Dify's variable system allows dynamic content to flow between nodes using a Jinja-like template syntax. Output from one node is referenced in subsequent nodes using double-brace notation, enabling complex data transformations across the workflow without requiring custom code. System variables like user inputs, session metadata, and timestamp are available globally, while node outputs are scoped to the current workflow execution context and accessible to all downstream nodes.
Multi-turn conversation state management in Dify uses conversation variables that persist across turns within a session. Unlike regular workflow variables that reset per execution, conversation variables accumulate context — previous questions, established facts, user preferences — that subsequent turns can reference.
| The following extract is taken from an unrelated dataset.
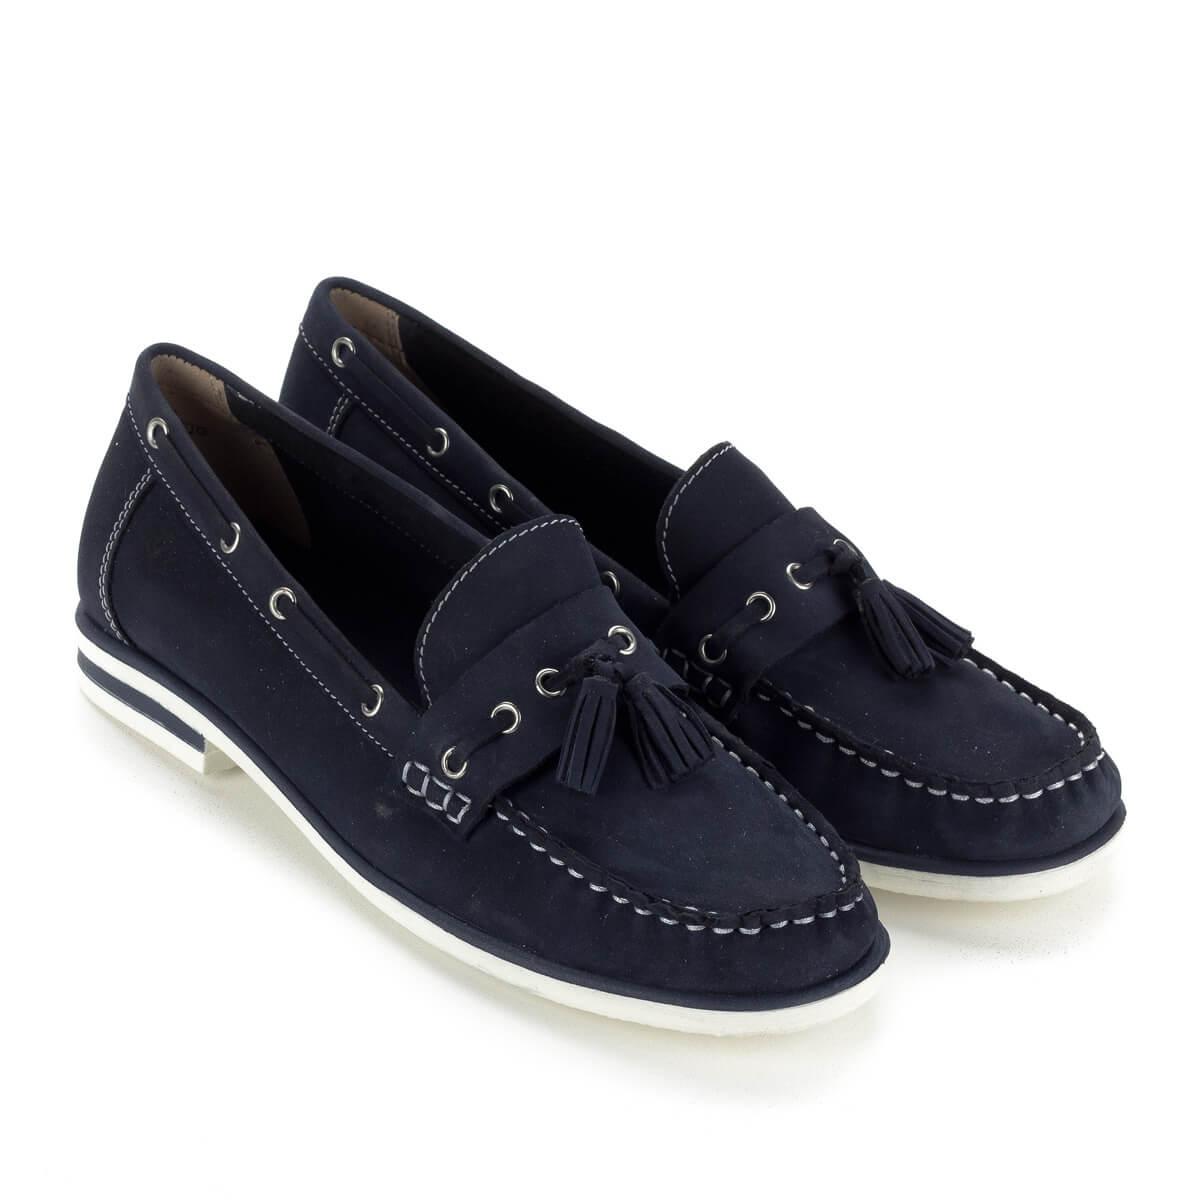 Kék Caprice bőr mokaszín fehér gumi talppal. Klasszikus nyári bőr cipő 8f057612af

This enables agents that remember what the user said three turns ago without appending the full conversation history to every prompt, reducing token costs while maintaining conversational coherence.
Dify supports webhook triggers that allow external events to initiate workflow executions without human interaction. A webhook endpoint configured on a Dify workflow can receive payloads from GitHub, Slack, or any HTTP-capable service, parse the payload using a code node, and trigger the appropriate LLM processing pipeline. This enables event-driven AI automation where document uploads, ticket creations, or form submissions automatically invoke AI analysis without requiring polling or manual intervention.